С заднего сиденья раздался сдержанный вздох, и я невольно посмотрел в зеркало заднего вида: Квитко сидела в той же позе, в какой, помнится мне, выезжала изо Львова, привалившись затылком к подголовнику и отвернув голову к окну.
«Тебе-то что вздыхать? — язвительно ухмыльнулся я, хотя понимал, что более чем пристрастен к бедной Квитко. — Вернешься к мужу незапятнанной и сможешь сутки напролет не отрывать от него преданных глаз!»
А Капустиной возразил:
— К сожалению, Светлана Алексеевна, минор в жизни преобладает. Жизнь вообще несправедлива как таковая. Я вот о чем иногда думаю. Если она образована по какому-то скрытому от нас принципу, то этот принцип с точки зрения христианских заповедей изначально порочен, и вот почему. Во-первых, зло в мире, как правило, побеждает. Во-вторых, порок редко бывает наказан. В-третьих, люди духовно и умственно неразвитые, циничные, беспринципные, как правило, удачливы в жизни. Они успешны, богаты, при должностях и званиях. И напротив, люди добрые, порядочные, интеллигентные довольствуются ничтожно малым. Так было от века, так есть и будет всегда. Другой вопрос, что делать нам с вами? Жить как все и радоваться каждому дню? Смириться с заведенным от века порядком вещей? Не носиться с чувством собственного достоинства, если намереваешься карабкаться вверх по ступенькам бытия, или носиться и лелеять его, это чувство, пребывая там, где назначено судьбой? Что? Увы, жизнь — это утраченные иллюзии. Особенно сильно ощущаешь сие с возрастом, когда впереди ничего не остается, кроме как щелкать костяшками на счетах: это не сделал, это не удалось, это не свершилось…
— Так что же делать? Как жить?
— Очень просто. Найдите себе хорошего мужа, нарожайте ему детей и постарайтесь не ссориться по пустякам — одним словом, свейте надежное гнездо и никого туда не пускайте. В остальном как придется.
— Где же его найти, хорошего? — проговорила Капустина вполголоса и, пряча от меня глаза, отвернулась к окну. — Хорошие все разобраны, а плохих мне и даром не надо!
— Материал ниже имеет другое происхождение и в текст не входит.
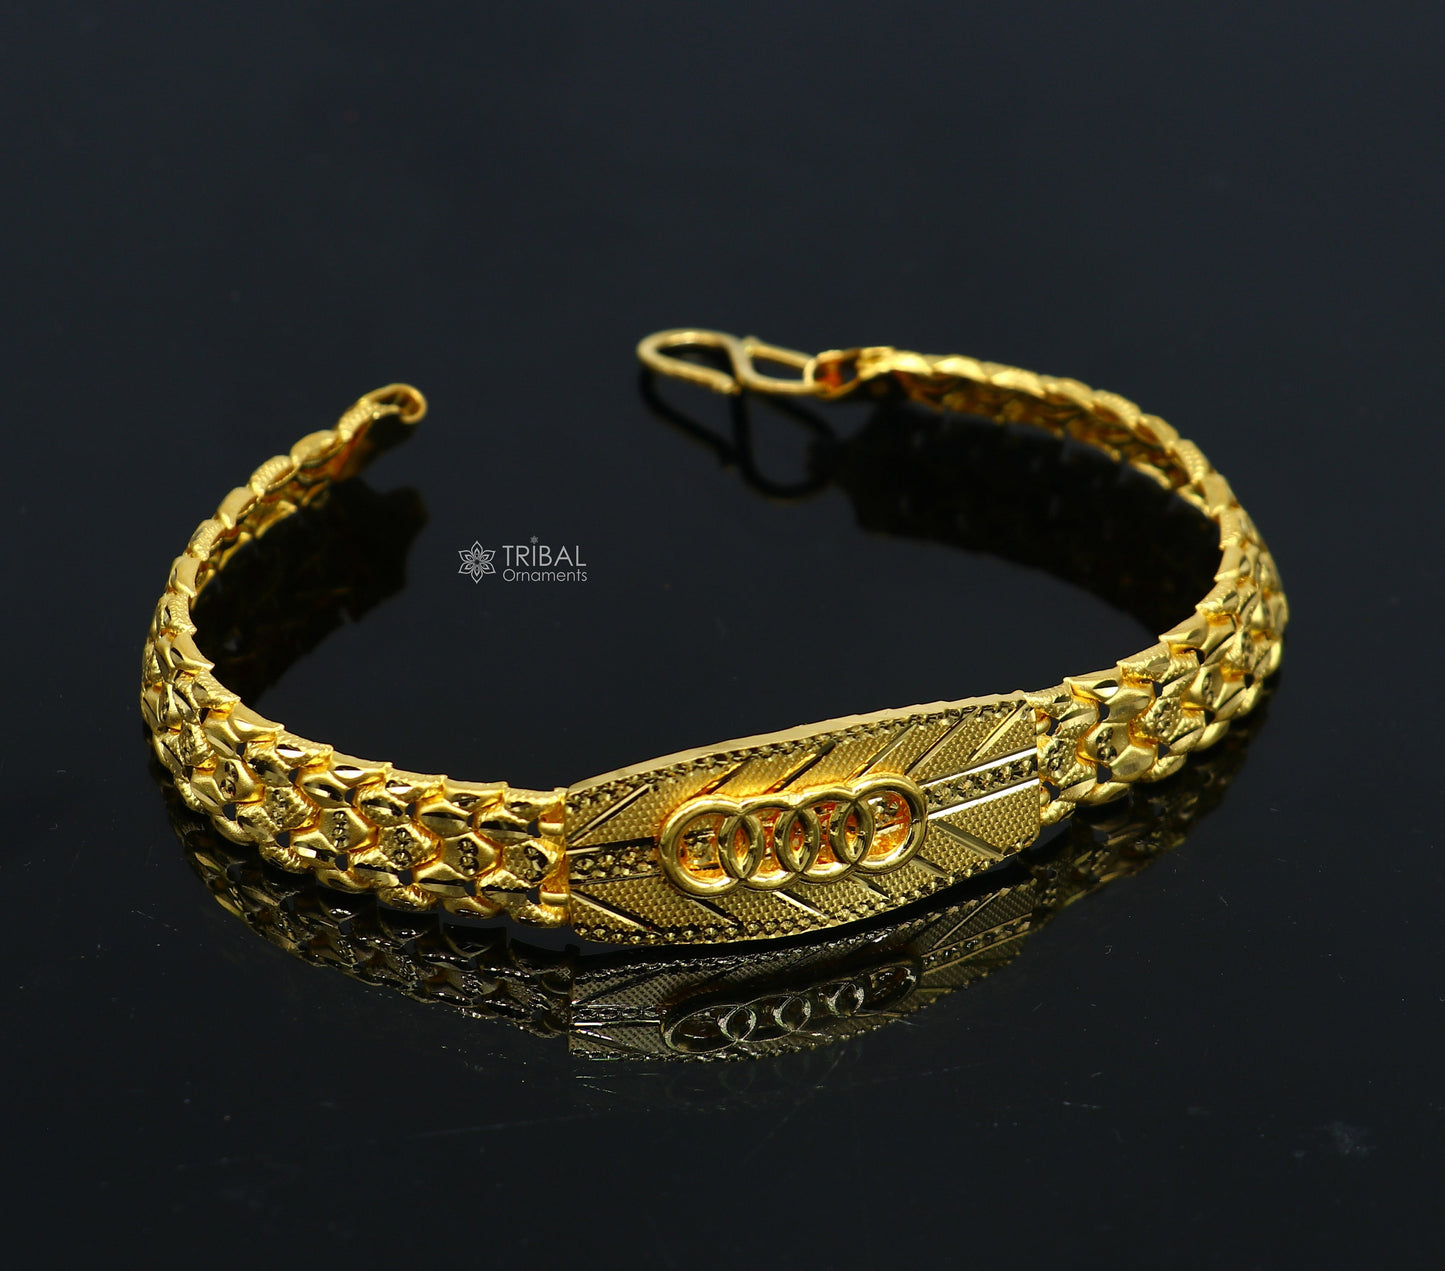 22kt yellow gold handmade unique chain AUDI bracelet unisex 91.6% gold purity stylish fancy bracelet jewelry best men's gifting gbr79 - TRIBAL ORNAMENTS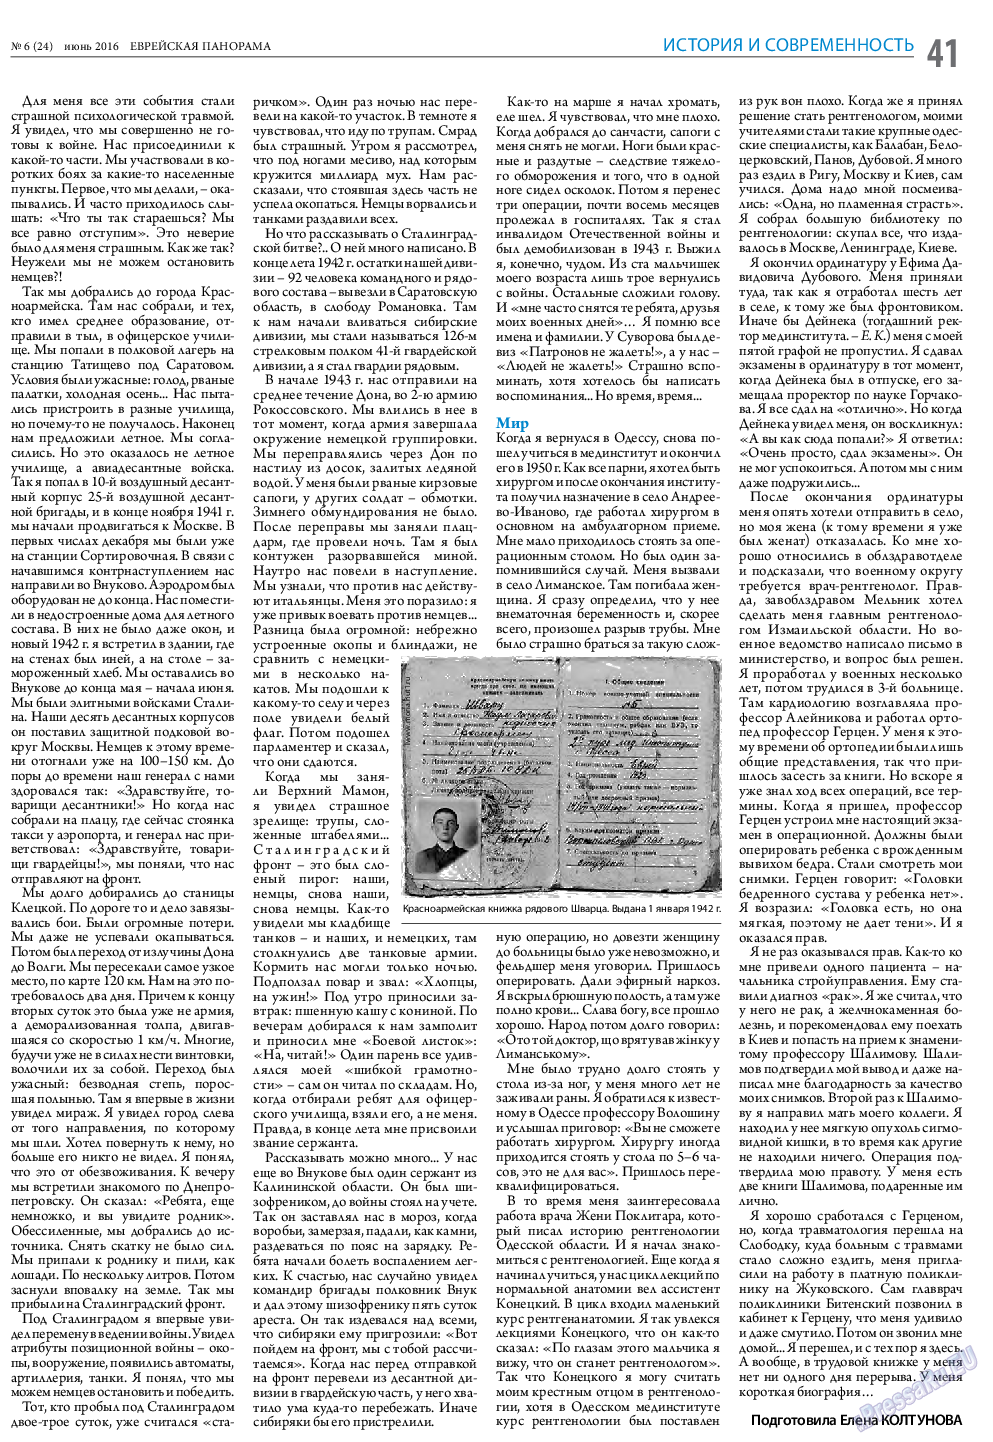 Еврейская панорама, газета. 2016 №6 стр.41

— Тогда влюбитесь в кого-нибудь без памяти, до потери собственного «я», чтобы если жить — то не бессмысленно, а помереть — то не беспечально, — изрек я сомнительную сентенцию и тут же усовестился.
«Смотри, какой сыскался оракул! А мне, в кого влюбиться мне? Каков умник! Сколько лет прожил на свете, а только сейчас понял: люблю одну-единственную женщину и никого больше. И что теперь делать с этим, не знаю».
19. Скверна человеческая
По возвращении я, к своему удивлению, обнаружил возле дома машину с голубыми милицейскими номерами, ворота были распахнуты, а во дворе толклись и шушукались люди в погонах. Еще издали я распознал в унылых фигурах на крыльце городского прокурора и начальника отдела внутренних дел, которые с постными, точно на похоронах, лицами о чем-то беседовали с моей женой.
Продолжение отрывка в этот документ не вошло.